Quanto mais mergulho nos contornos que os diversos aplicativos me oferecem, mais decido que é coerente me manter na linguagem que domino. Quanto mais fico em casa, mais me sinto em visita. Por isso, escrevo e por isso cozinho. Quero me sentir eu mesma, seja lá o que isso signifique.

Escrevo, porque é tempo de ponderar as palavras. Há muita informação, de todos os lados, com verdades mais ou menos verdadeiras. Viviane Mosé aponta que sempre há um fundo de verdade nas Fake News, por isso, no exercício de relativizar as verdades, leio os diferentes pontos de interpretação que me chegam. Mas o Brasil ainda não chegou na pós-modernidade: o desmanchar das polaridades briga com a verdade que se constrói na oposição. Quer coisa mais louca do que defender uma posição negando a posição do outro? É preciso cuidar para que as palavras não ataquem, ao tentar se defender. É preciso refletir. O que estou defendendo mesmo?

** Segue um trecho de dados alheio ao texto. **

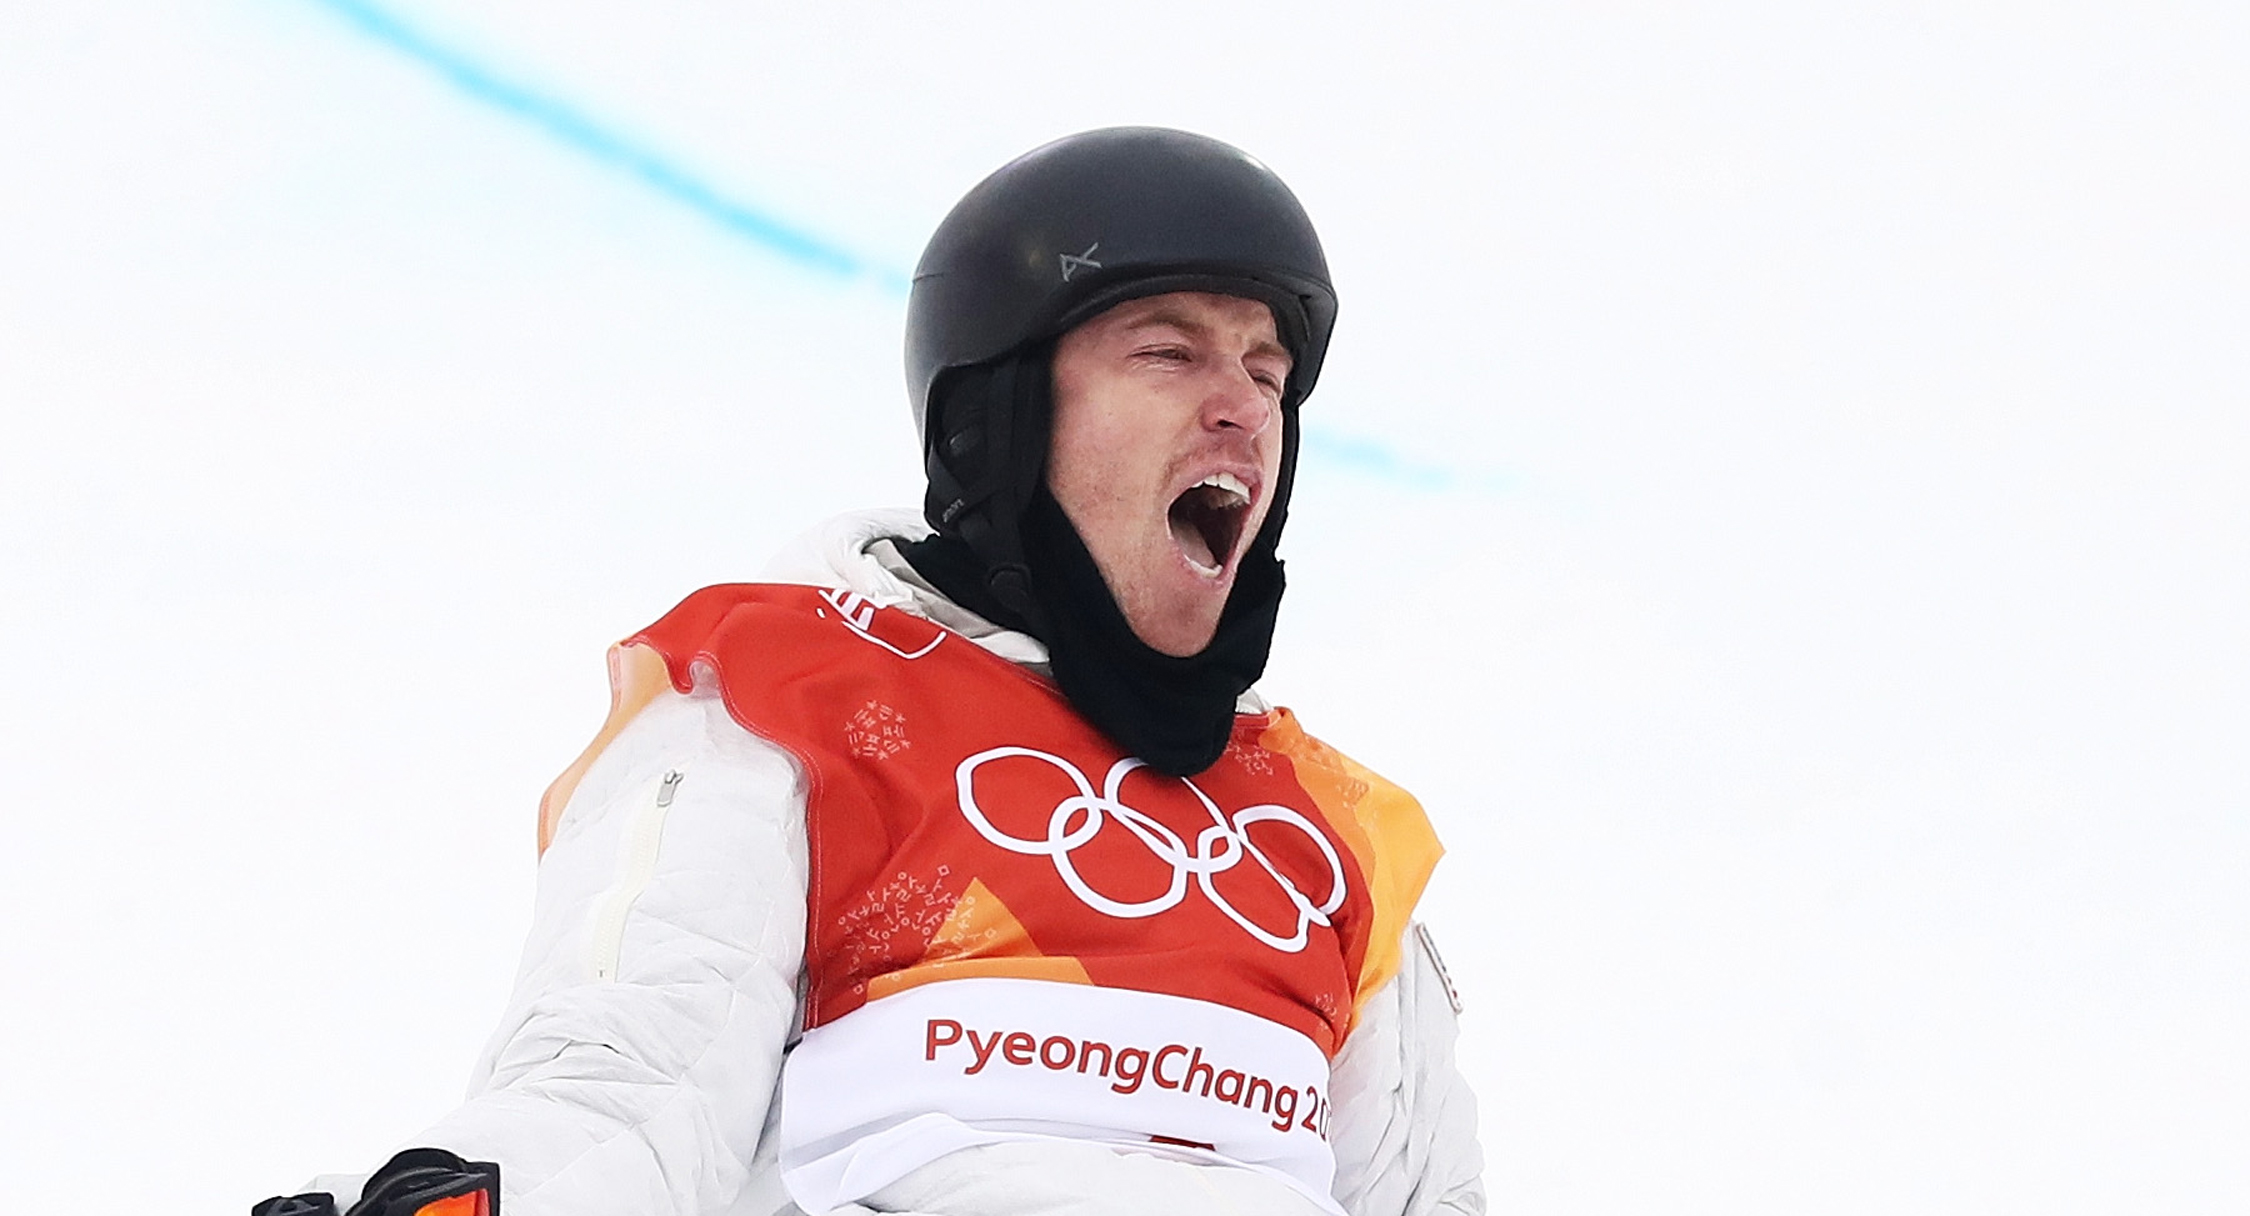 Shaun White celebrates after his third run at the halfpipe at Phoenix Snow Park. (Getty Images - Cameron Spencer)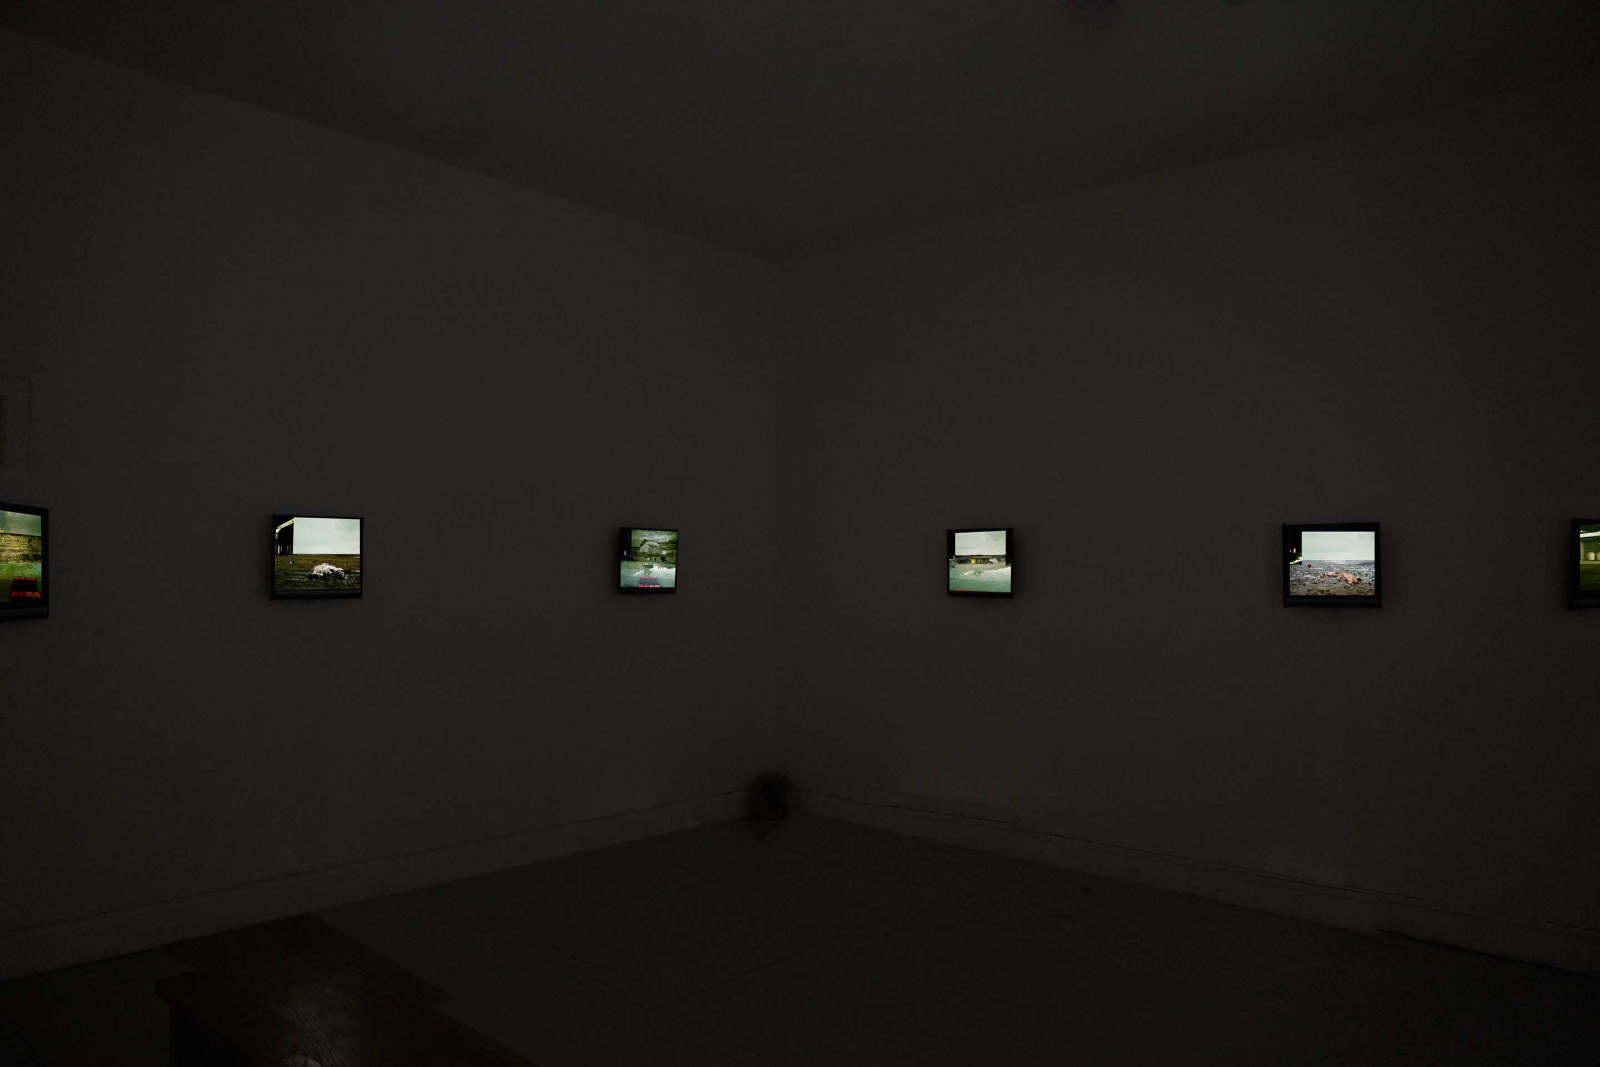 Galway Arts Centre, Ireland, 2010 (solo show). Curated by Maeve Mulrennan.

Então, cozinho. Porque, no desacelerar da rotina, as relações familiares exigem materialidade. Uma casa organizada, limpa, confortável para nossas necessidades. E, um motivo de fugir da impotência que paira sobre nós, a fome nossa de cada dia! Mas não cozinho para saciar a fome da minha família. Cozinho, porque preciso ver que há um dia após o outro; porque preciso estocar prazer para o futuro; porque não posso parar de viver enquanto a morte não vem. Felizmente tenho minha família nesses dias tristes! Há espaço para muitos reflexões ao se preparar  um bolo. Ao separar os ingredientes, medir cada um, misturá-los no momento certo... cada etapa do processo redimensiona o tempo e faz do produto final, mais do que um alimento para o físico.

Tenho muito o que fazer em casa além do meu trabalho, que não parou totalmente. Mas cada notícia me impacta, deixando a vida prosaica totalmente sem sentido. Como a humanidade não está ao meu alcance, que eu possa ressignificar os dias iguais que vivi, nesses dias atípicos de distanciamento físico (como diz Eliane Brum). 

Ainda há muito o que escrever e cozinhar, que eu encontre sanidade nessa parada forçada, e nos próximos passos, de acordo com o que a vida exigir.